Because Television both creates the world in which we live and interprets that world to us we are immersed in a world-view that accentuates conflict and division and eschews consensus and conciliation. This creates a climate that is inimical to the Gospel. There are many reasons which are not the subject of this lecture for the impenetrability of the Christian faith into our culture but one of them must surely be that the media conforms the mind of the world to see and evaluate everything in the contrast of extremes. Since the gospel is in the end about reconciling opposites, about breaking down the wall of hostility between us and God and between ourselves we find that this very dynamic of reconciliation is resisted by a media dominated culture that reinforces the hostilities and barriers and polarises every issue. If ever there were a text that told a different story it is Ephesians 2 "Remember you were without Christ aliens and strangers, having no hope and without God in the world. But now in Christ you have been brought near . for he is our peace . he has broken down the dividing wall, the hostility between us "(Ephesians 2:12-14)

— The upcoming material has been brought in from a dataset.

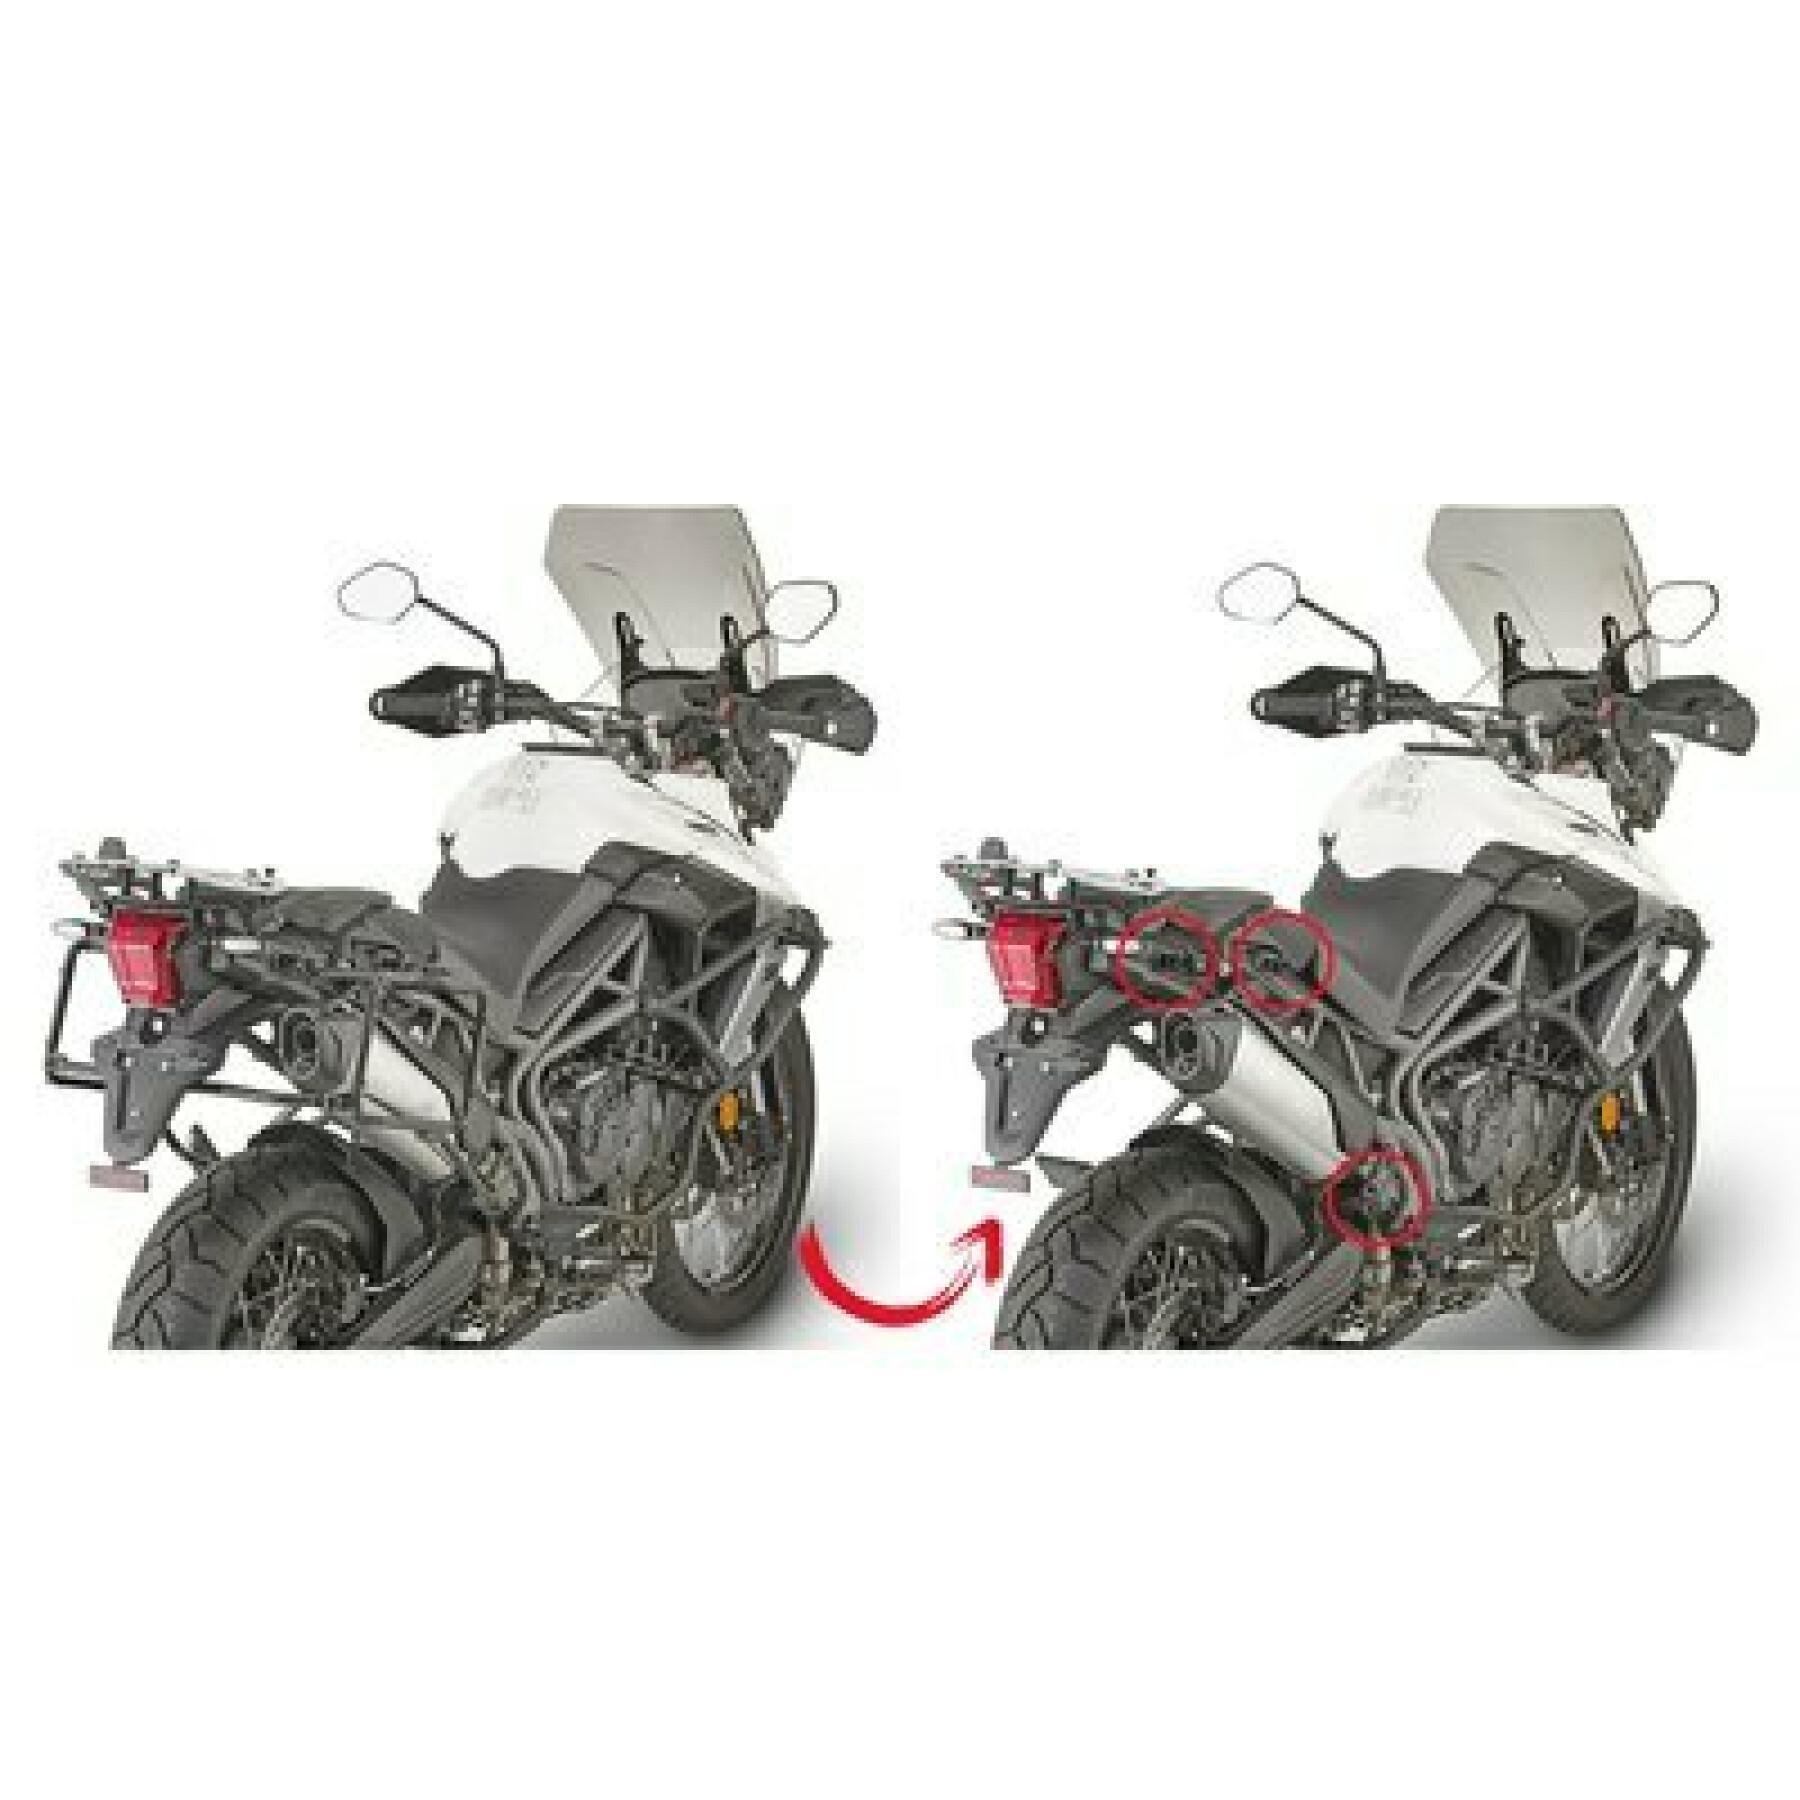 Support valise rapide Givi Triumph tiger 800/XC/XR 18

Whereas the world of the media divides, the Gospel reconciles; where the media polarises the Gospel unites. The soil in which the seed of truth is sown is in many places still shallow and full of rocks and thistles.

The other respect in which Christian theology challenges the conformity of the media is the direction we are being taken towards virtual reality. We must avoid the danger of being luddites. We must also be careful of not becoming false prophets. Media pundits seriously misjudged and wrongly prophesised the demise of the cinema. With the advent of TV, Colour TV and then video there was speculation each time that this signalled the end of the cinema. People overlooked the truism that watching something on your own was an essentially different experience from watching it in a group. The film industry is flourishing. Yet what cannot be ignored is the convergence of two social factors. Along with the breakdown of the family and the individualisation of society there comes a media technology that allows people to create and enter a private world of virtual reality. Real relationships open to the senses of touch, sight and sound give way to virtual relationships where relatedness is mediated through a screen. This falls short of the incarnation in which truth takes flesh and becomes not only visible and audible but also tangible. God connects with his world flesh to flesh. The communion is total, spiritual and physical.

If the world of virtual reality gathers momentum allowing people to bank, to shop, to play, to relate without moving from their screen it offers an opportunity - a unique one - for the church. If there is a social instinct in everyone where will this be satisfied in a world of broken relationships and virtual reality? The need to belong, to love and to be loved, is the song of the church. Here on Merseyside we are the capital region of the Call Centre - BT at Warrington , Littlewoods and Granada in Liverpool . QVC Shopping Channel in Knowsley. I have visited them all. The Gospel for our region and for the world is that there is a life beyond the digital network - both transcendent and immanent, eternal and immediate. I use that last word deliberately and advisedly. "Immediate" means without media, without mediation. Although, as you know, I am committed to taking opportunities in the media to communicate the Christian faith, I am in no doubt that the priority must be the immediate face to face relationships of our local communities and churches. It is in the face to face, flesh to flesh encounters that the truest communication and communion happens - person to God and person to person. That is why the famous image of Stuart Blanch cycling around the city is so compelling. Even though he knew the importance of the media and encouraged the young to see it as a vocation it was in the personal encounter with God and with others that he set such an inspiring example. By his bicycle he literally pedalled the Word on the Street. Like Augustine: a Bishop and an Archbishop for us and a Christian with us. Like Christ, giving not just information about God but his very self in communion.

These are sure steps towards a theology of communication.